O'Reilly Theatre, National Opera House

La cucina/Adina stars Jette Parker Young Artist Rachel Kelly as Adina and 2017 Operalia winner Levy Sekgapane as Selimo, alongside Máire Flavin, Manuel Amati, Sheldon Baxter, Emmanuel Franco, Daniele Antonangeli and Luca Nucera.

A co-production with the Rossini Opera Festival.

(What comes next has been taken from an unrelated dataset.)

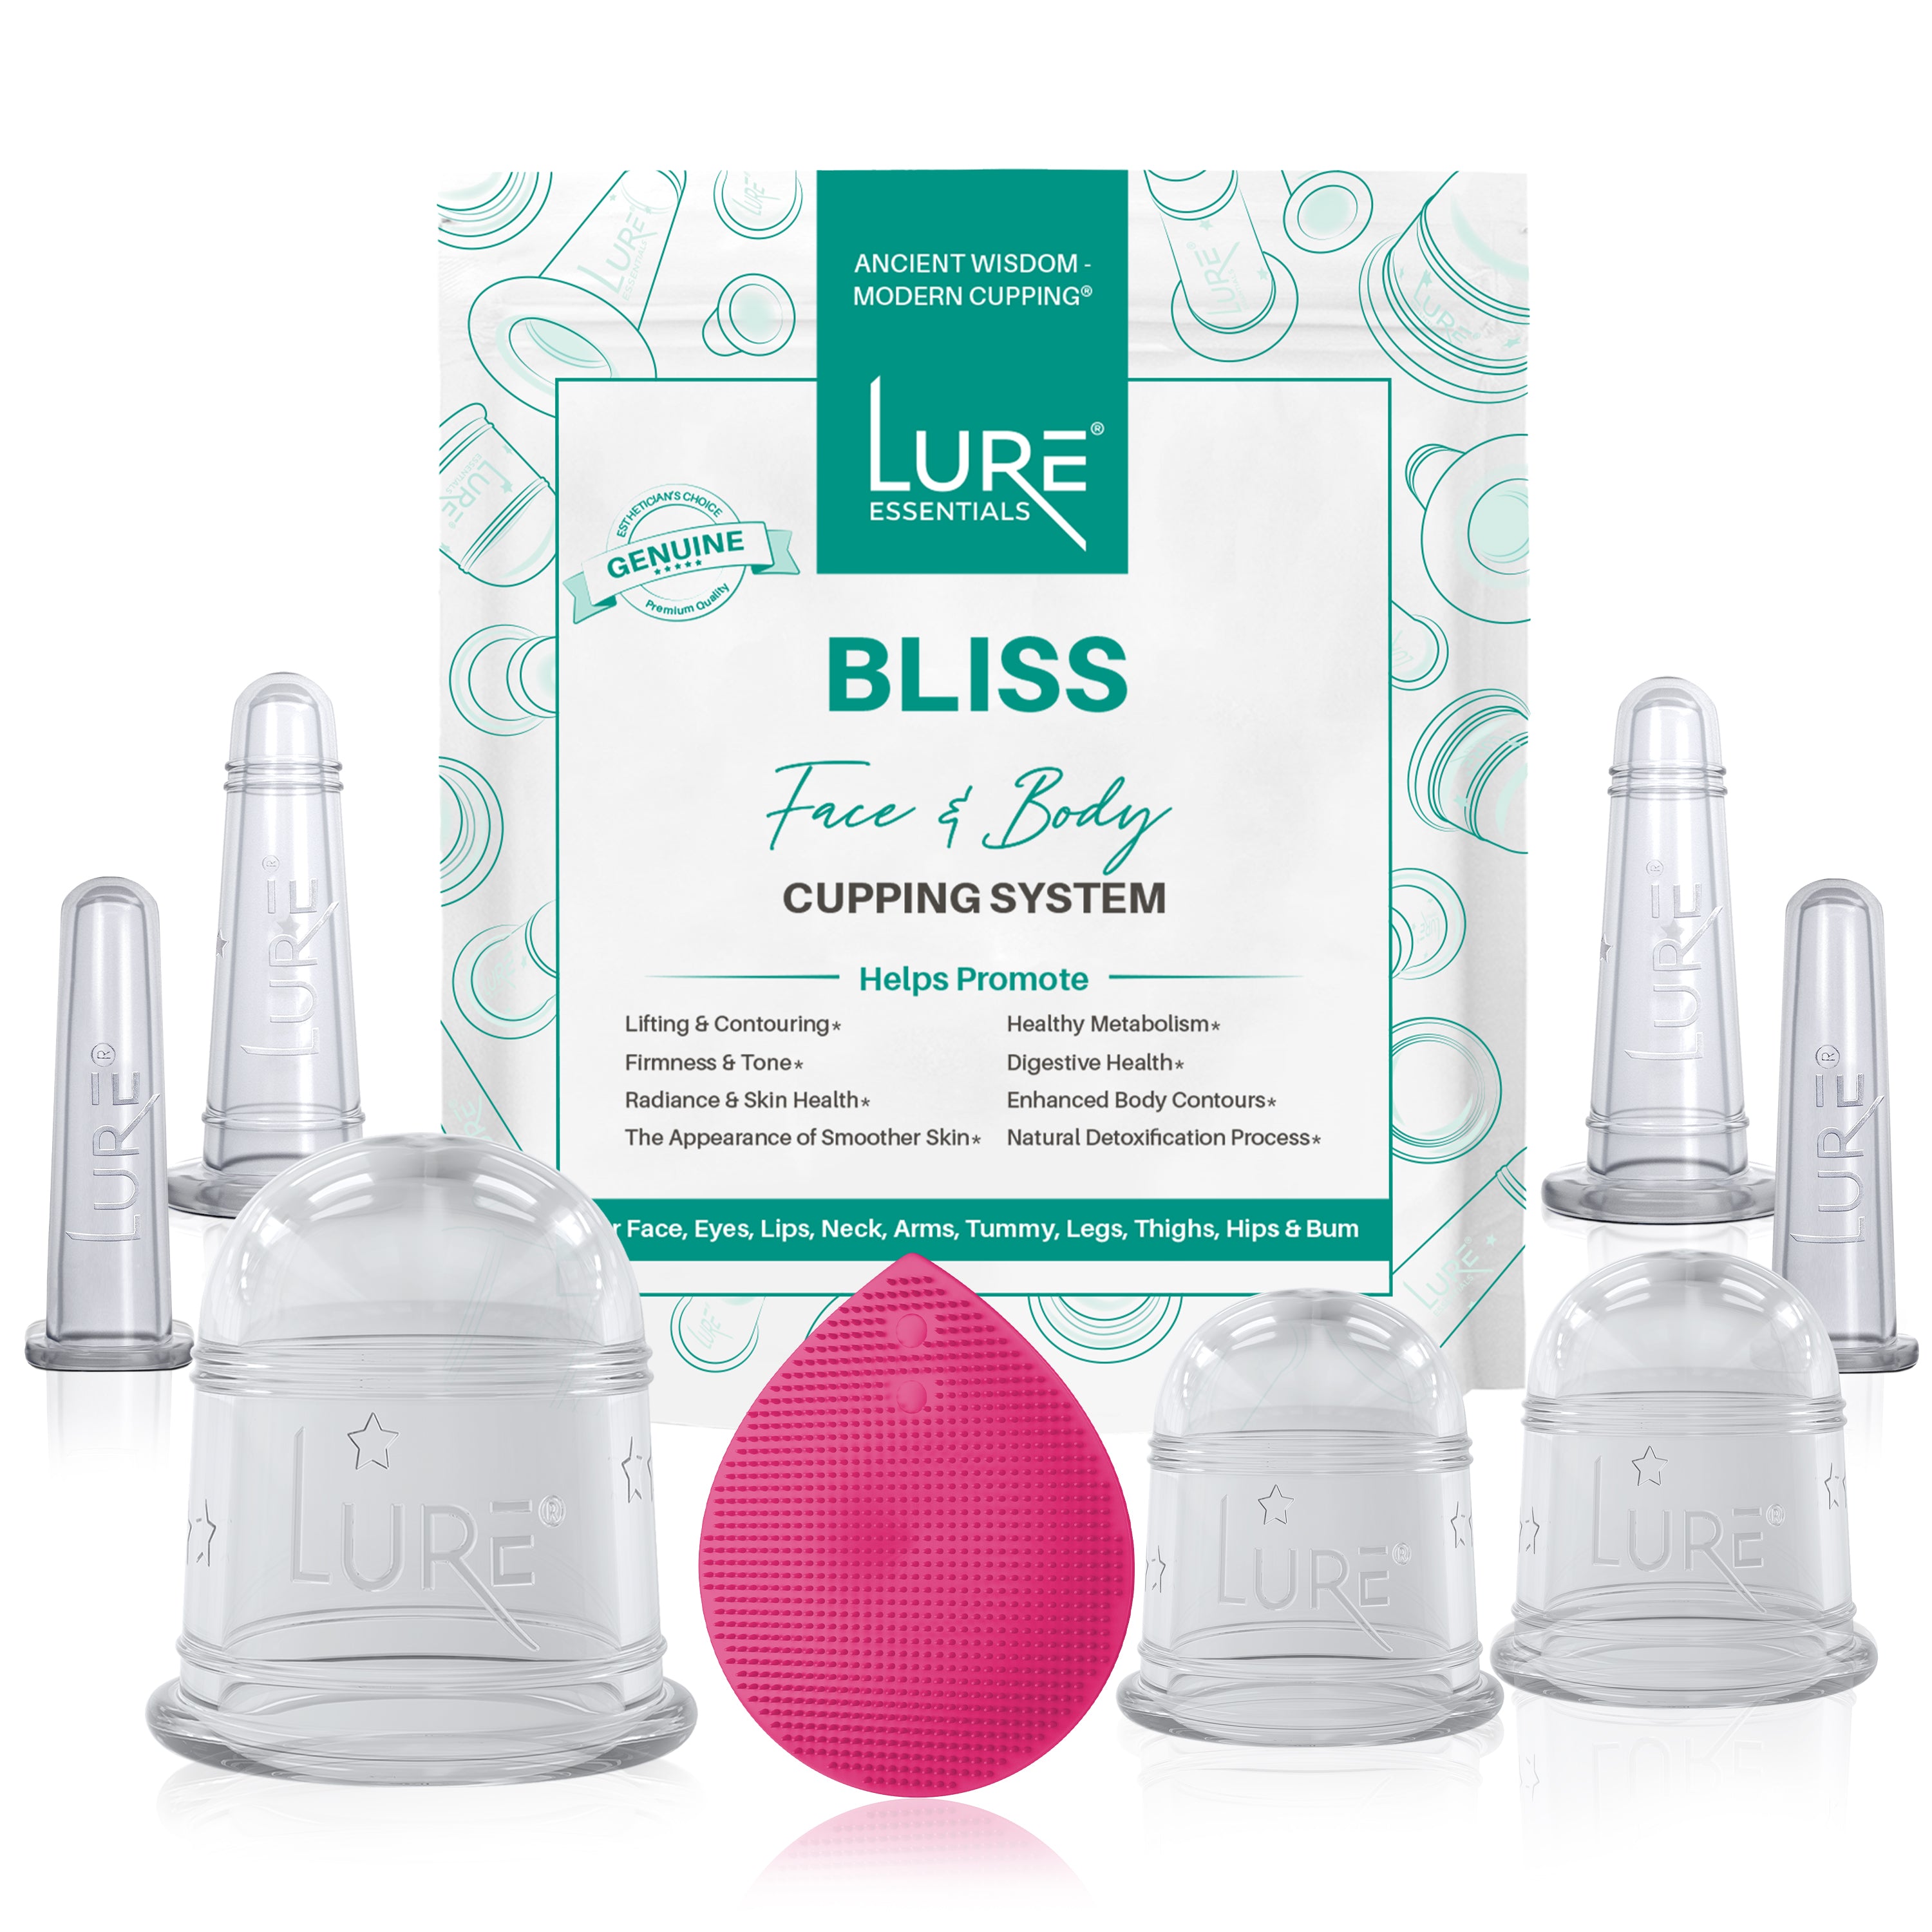 Lure Bliss Body & Face Eight Piece Cupping Kit

Few of Gioachino Rossini’s (1792-1868) operas are less well known than Adina. Intriguingly, it’s not an early work but one composed in the aftermath of Rossini’s great creative flourish of 1816–17, which produced masterpieces including Il barbiere di Siviglia and La Cenerentola, so the composer certainly knew what he was doing when he produced Adina with glittering arias and rich orchestral textures. Among the many mysteries surrounding Adina are why it was commissioned in 1818 for a Portuguese patron yet not performed until 1826 at Lisbon’s Teatro São Carlos. Rossini never heard the work himself, and after a performance in 1828 in Rio de Janeiro, it disappeared from view until the 1960s. It was revived in Siena in 1963, and in Oxford in 1968. Rossini’s writing for the title role – and only female protagonist in the piece – is in some ways restrained, perhaps because he designed the part for a singer active in Lisbon he didn’t actually know. Though subtitled Il califfo di Bagdad, and adapted from Felice Romani’s Il califfo e la schiava, the score makes little attempt at Middle-Eastern local colour; indeed, four out of its ten numbers were culled by the composer from his own 1814 opera Sigismondo, which is set in 16th century Poland. The plot is a variation on the then-popular escape-from-the-harem theme, though the heroine on this occasion feels more than usual sympathy for her captor. All is explained – in good time, fortunately – when it transpires that the beautiful slave girl Adina is indeed the caliph’s daughter.